Warnings in Our Family Story
In this family story, I find both warning and instruction, for the Bible includes stories of moral failure and victory through faith. At times my spiritual forebears, men and women like me, demonstrated political haughtiness and not humility. They rejected the poor and the stranger. They wished evil, and not mercy, upon their adversaries. David betrayed his family through infidelity. Peter betrayed Jesus, denying his association with his beloved friend and Lord.
Every family has stories of siblings, aunts, and second-cousins who’ve behaved shamefully as they’ve wrestled the shades within, and their stories become part of the family lore. There are countless episodes in Scripture in which individuals and entire societies live against the grain of grace. When I understand the Bible to be my family story, I see that these episodes are not to be imitated, but they are to be considered critically and prayerfully.
Instruction and Examples
I look for instruction in those examples of justice, mercy, reconciling love, and faithful pursuit of God’s company enacted by my spiritual ancestors. Because time after time, these forebears, who worshipped God with love and wonder, were faithful to their families and their neighbors, and cared for the orphans and the widows in their midst. They sought God’s company through prayer when they were light with joy and when they were burdened with sorrow. And they repented, turning from betrayal to faithfulness as God extended forgiveness. Theirs is a complex but enduring faith, and one I wish to emulate. As I discern just how to emulate their faith, I look to Christ as the chief example, imitating others only if their lives fit within Christ’s pattern for holy living. It is Christ’s pattern that I follow, and Christ’s Spirit that empowers me to follow it.
My mother has not only collected vintage editions of that old seafaring memoir; she has also tracked down the published poetry, essays, and journals of Richard Henry Dana Jr. and his father by the same name. These writers are the namesake for my own father’s middle name, Dana, and for the middle name he gave to me and my brothers. My dad was proud of the creative blood in his heritage and found a strong sense of identity in being of the Dana line. The family name inspired his own work as a writer. As I read my family’s published works, I too find a sense of identity in this lineage. Surrounded by a crowd of writers who share my name, I remember who I am, and I’m encouraged for the literary work before me.
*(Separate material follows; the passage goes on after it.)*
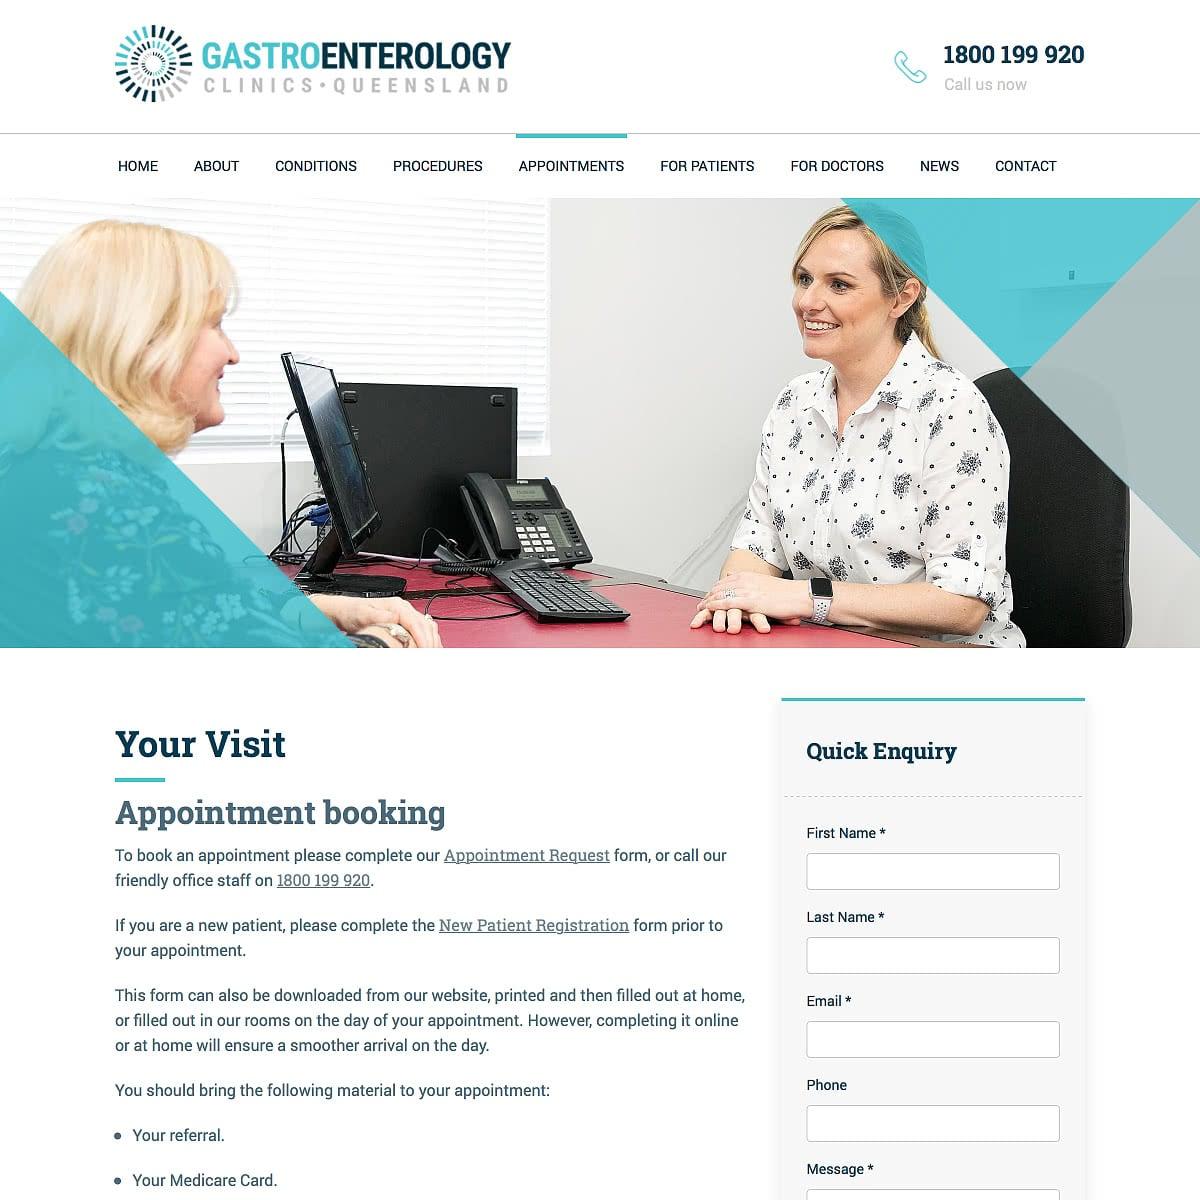 Gastroenterology Clinics Queensland - Your Visit

I am also a member of a great family of faith, and my family name is the name of Christ, and my family work is the work of love. In Scripture, I find my identity as a member of this family. Hebrews 11 remembers the faith of many forebears in this line-prophets and prostitutes alike-and concludes, “Therefore, since we are surrounded by such a great cloud of witnesses, let us throw off everything that hinders and the sin that so easily entangles. And let us run with perseverance the race marked out for us, fixing our eyes on Jesus, the pioneer and perfecter of faith” (Hebrews 12:1-2 NIV).
Read Scripture with Lineage in Mind
With eyes on Christ, who puts on flesh and teaches us to love, we can read the Bible as our family story, discerning how to live today as daughters and sons of Abraham. Here are some exercises to help you find your place within the lineage of your spiritual family:
Read the book of Ruth, paying particular attention to the climactic genealogy listed in Ruth 4:13-22. Review the genealogy in Matthew 1- Jesus descends from Ruth’s line, and we, too, descend from this line through Jesus. How do the actions and attributes of your spiritual forebears Naomi and Ruth, who faithfully cared for one another in grief and distress, inspire you to faithful living today?
Read 2 Timothy 1:1-2:2 and consider your own spiritual legacy. How does Paul encourage Timothy to nurture spiritual descendants? How might you take on that call in your community today?